17. A sharps protective glove and suit combination comprising a suit attachable to a glove, said suit and glove being formed of oriented film, said combination providing for insulation of a user from all extraneous material.

18. The combination of claim 17, wherein the oriented film is one uniform sheet forming the suit and the glove.

19. The combination of claim 18, wherein the sheet has varied thicknesses.

20. The combination of claim 17, further comprising the suit having seams with reinforcements formed of additional oriented film for providing additional sharps protection.

21. The combination of claim 17, further comprising the suit having a hood, said hood having openings to accommodate plural attachments.

22. The combination of claim 17, wherein the attachments comprise a visor and a respiratory apparatus.

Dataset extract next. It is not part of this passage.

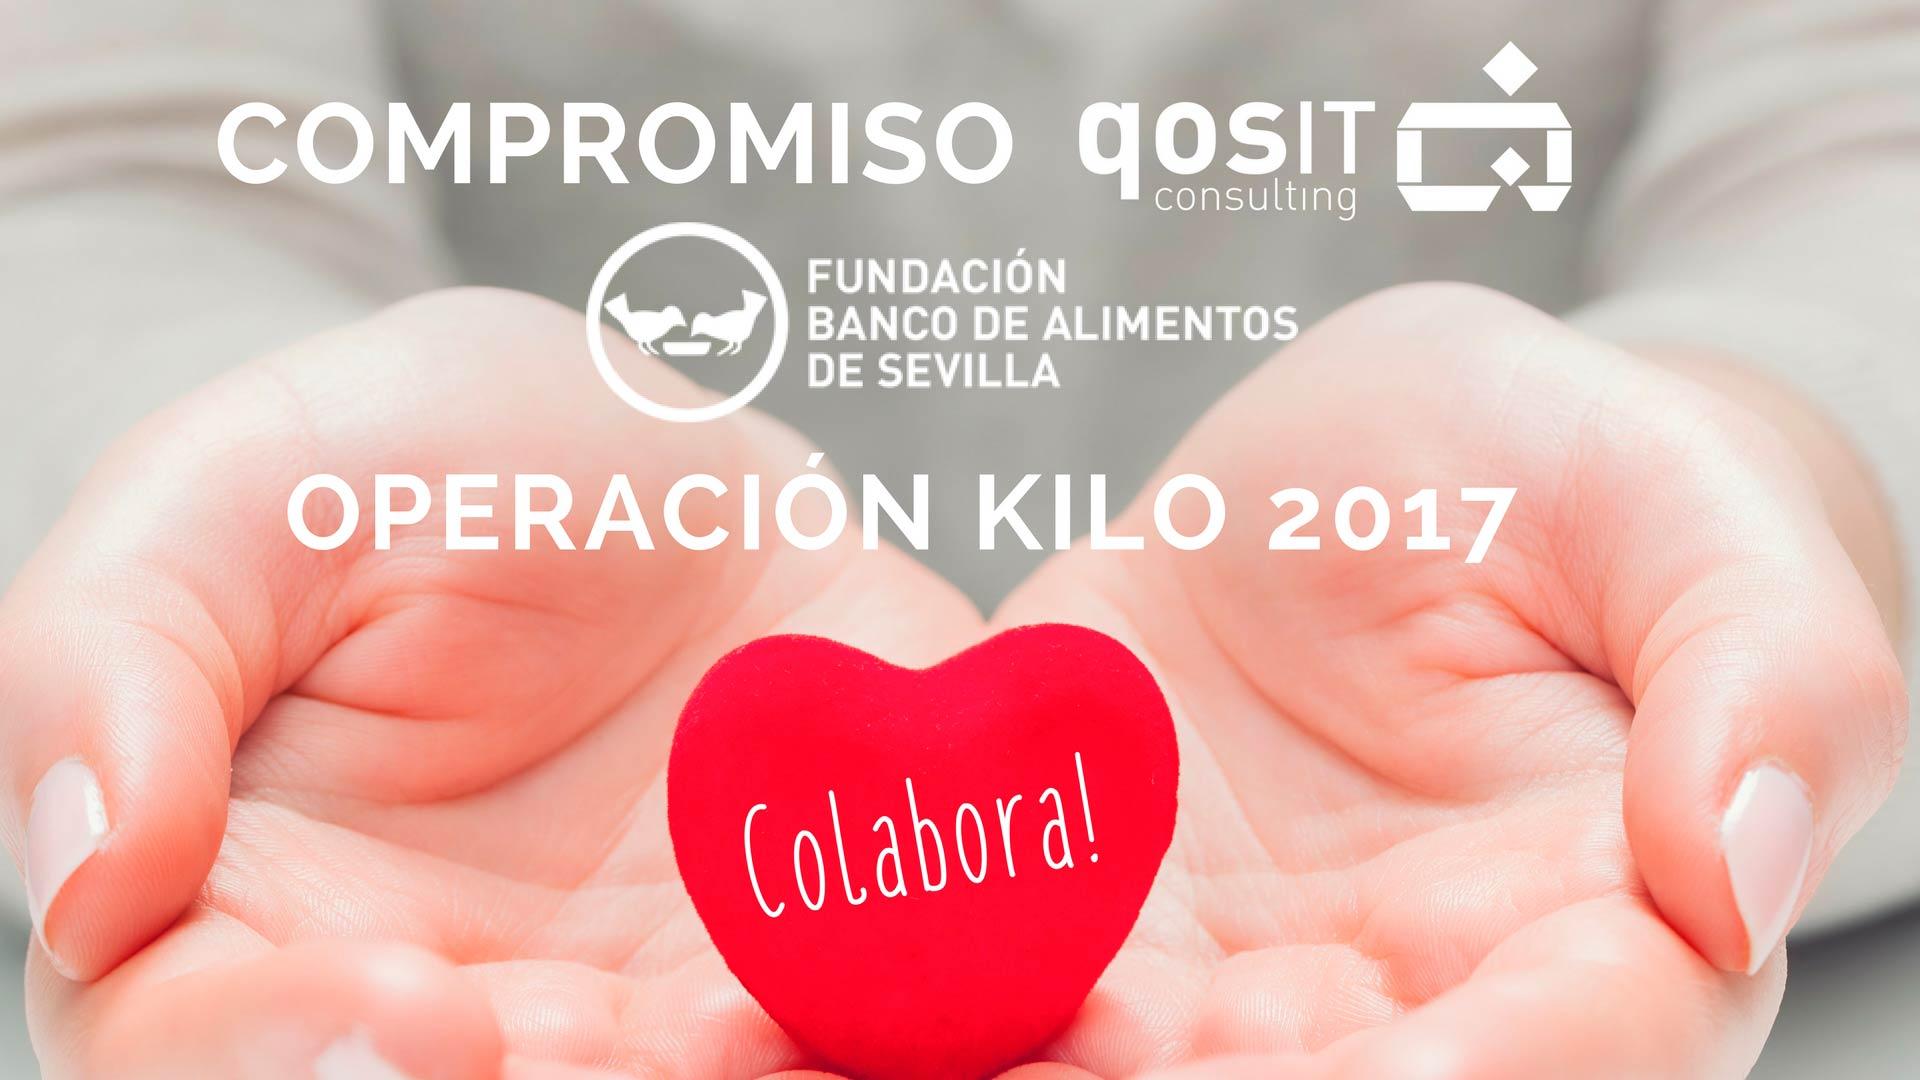 Operación Kilo 2017

23. The combination of claim 17, wherein the suit further comprises plural accordion folds along joint areas to allow and to facilitate ease of motions by an user.

24. The combination of claim 17, wherein the glove comprises fingers, thumb, palm, back, and wrist sections.

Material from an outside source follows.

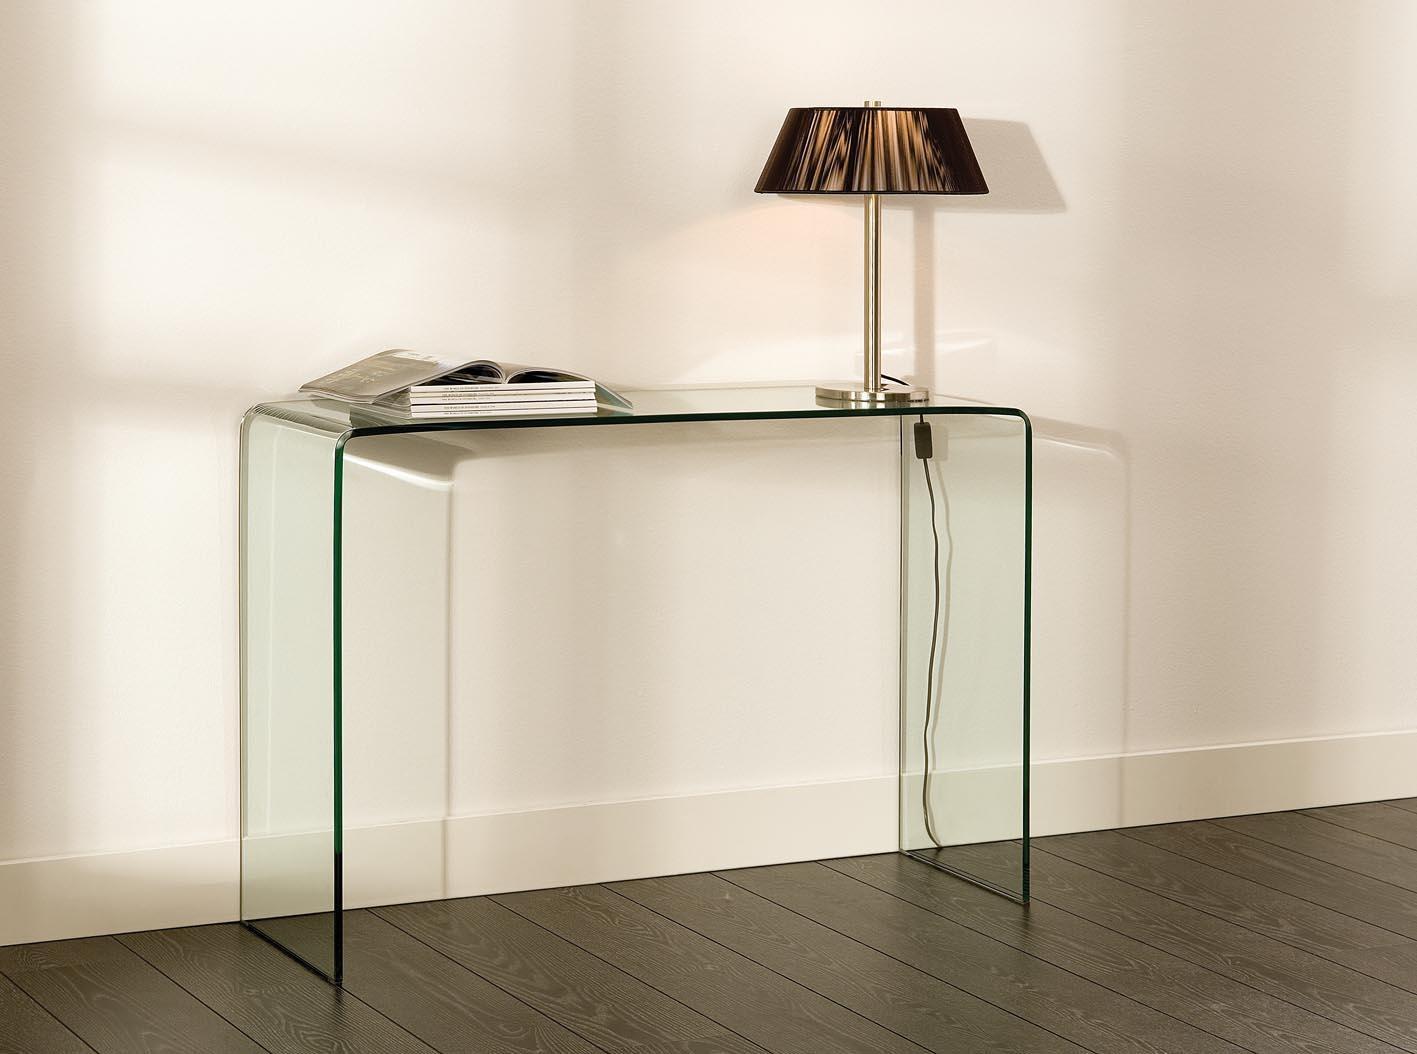 Glazen Wandtafel Sidetable.Glazen Side Table Biarritz

25. The combination of claim 24, wherein the glove has a layer of oriented nylon on palmar surfaces of the fingers, thumb, palm, and wrist sections.

26. The combination of claim 25, wherein the suit is sealed at wrist sections.

27. The combination of claim 17, the glove further comprising flex points formed at fingers, thumb, palm, and wrist joints.

28. The combination of claim 17, where the suit is selected from the group consisting of a gown having no legs or an outfit having a torso and legs attached to the torso.

29. A glove comprising fingers, thumb, palm, back, and wrist sections, and a lock for attaching the glove to a suit.

30. The glove of claim 29, wherein the lock is a peg lock formed as a compression system for attaching the glove to the suit and for removing the glove and the suit as one unit.

31. The glove of claim 30, wherein the peg lock comprises a seal for snap-fitting in a complementary groove provided in the suit to hold the glove in a sealed relationship with the suit and to prevent outside matter from contacting a user.

32. The glove of claim 30, wherein the peg lock is injection molded.

33. The glove of claim 30, wherein the peg lock is of plastic material.

34. The glove of claim 30, wherein the peg lock is of flexible material.

35. The glove of claim 29, wherein the lock is a taper lock.

36. The glove of claim 35, wherein the taper lock is formed as a collar having plural receivers, and wherein the glove and the gown comprise connectors for inter-fitting in the receivers and for connecting the taper lock to the glove and the suit for removing the glove and the suit as a one- piece unit.

37. The glove of claim 36, wherein the collar is slidably inserted on the glove and the suit for connecting the glove and the suit and for insulating a user against all extraneous matter.

38. The glove of claim 36, wherein the connectors are plastic pieces for connecting to the receivers.

39. The glove of claim 36, wherein the connectors are O-rings.

40. The glove of claim 29, wherein the lock is detachable for allowing the glove to be separated from the suit.

41. The glove of claim 35, wherein the taper lock further comprises a safety lock for securing the glove to the suit.

42. The glove of claim 35, wherein the taper lock is injection molded.

43. The glove of claim 35, wherein the taper lock is of plastic material.

44. The glove of claim 35, wherein the taper lock is of flexible material.

45. The glove of claim 29, further comprising the glove and lock being of oriented material.

46. The glove of claim 45, further comprising coatings on the glove and on the lock.

47. A glove comprising fingers, thumb, palm, back, and wrist sections having flex point design for allowing flexing and ease of movement when the glove is in use.